The November issue of Cooking Light contained an "Eating Smart" section detailing how even those little bites here and there during the meal prep really can sneak up on you. Let's take a look:
- Licking the batter during cake making: 75 calories
- Nibbling on some leftover bacon for a gratin: 42 calories
- Taste testing your bread cubes for the stuffing: 15 calories
- Oh, there was a little bit of whipped cream left in the bowl from the pie?: 26 calories
- Let's try adding a bit of variation to this dish with some alcohol.

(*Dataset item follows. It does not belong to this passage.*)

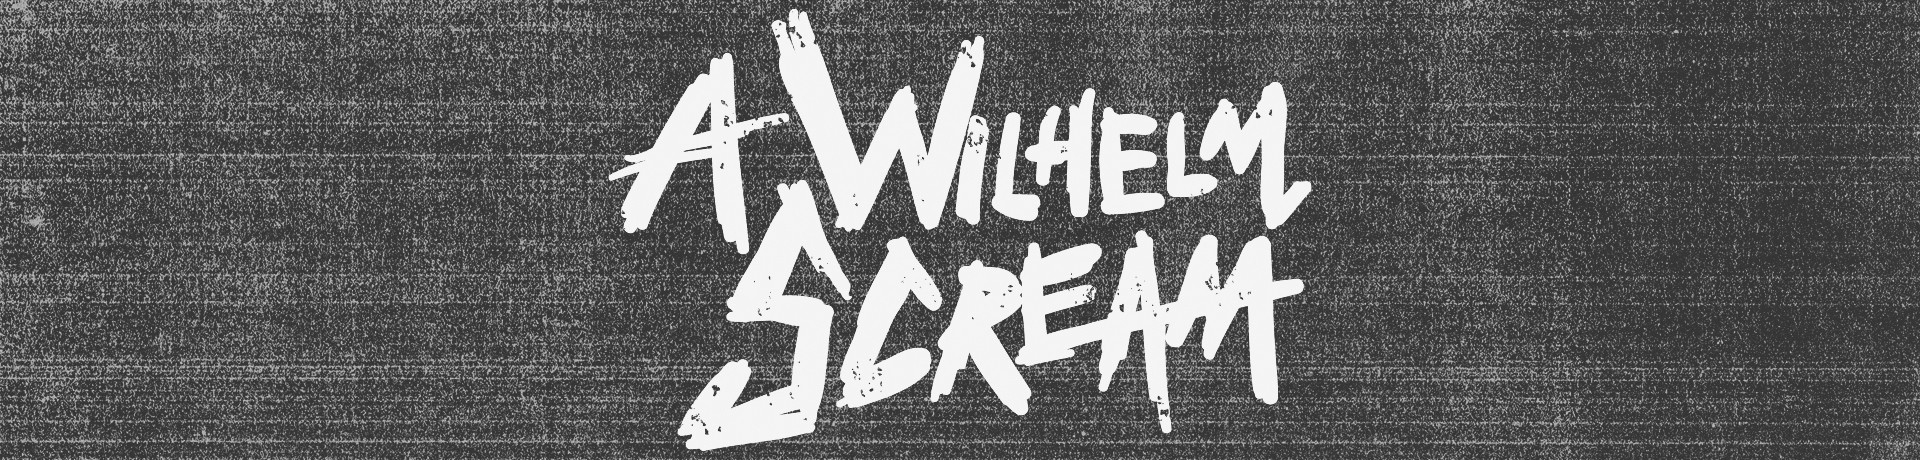 A Wilhelm Scream - Grim [Soft Hoodie]

Shot of Grand Marnier (you have to taste test, right?): 38 calories
- Adding in a little dried fruit to the cranberry sauce never hurt. One for the sauce one for me: 25 calories
- The family is arriving. There's cheese set out to keep the hounds at bay. And maybe the cook: 57 calories
- Oh, that bottle of wine magically opened. It must be tasted before being served to the guests: 125 calories
- Time to top that pecan pie... need to make sure the pecans are properly toasted first: 49 calories
- The bird is done! But you need to check to make sure it tastes alright...: 48 calories
- Dang those veggies, they just can't stay in the dish. Eat the ones that jumped onto the counter: 9 calories
- Ah, those beautiful little marshmallows on top of sweet potato casserole. You need a few to remind yourself how good they are: 13 calories
- Another side dish is out of the oven! Brussels sprouts! (Have to taste to make sure that one's okay too): 15 calories
- Mmmm the rolls are on their way out of the oven toward the table. That one's a little ugly, we can't have that now can we?: 106 calories
- Hmm, that wine glass is almost empty. Might as well finish so we can have a fresh glass for dinner: 106 calories
Individually these aren't that bad. 9 calories for some veggies, 125 for a glass of wine. All reasonable. Until they are all together. 768 calories. Those sneaky little calories.
Now, I'm not suggesting that you refuse to taste your food before serving it or that you must starve yourself before the big meal. This list is just a reminder that even those little bites here and there eventually add up to a calorie count worthy of an entire meal. So eat a hearty breakfast and slow down on those "oops fell on the floor" marshmallows. You'll thank yourself the following day.
What is your favorite Thanksgiving dish?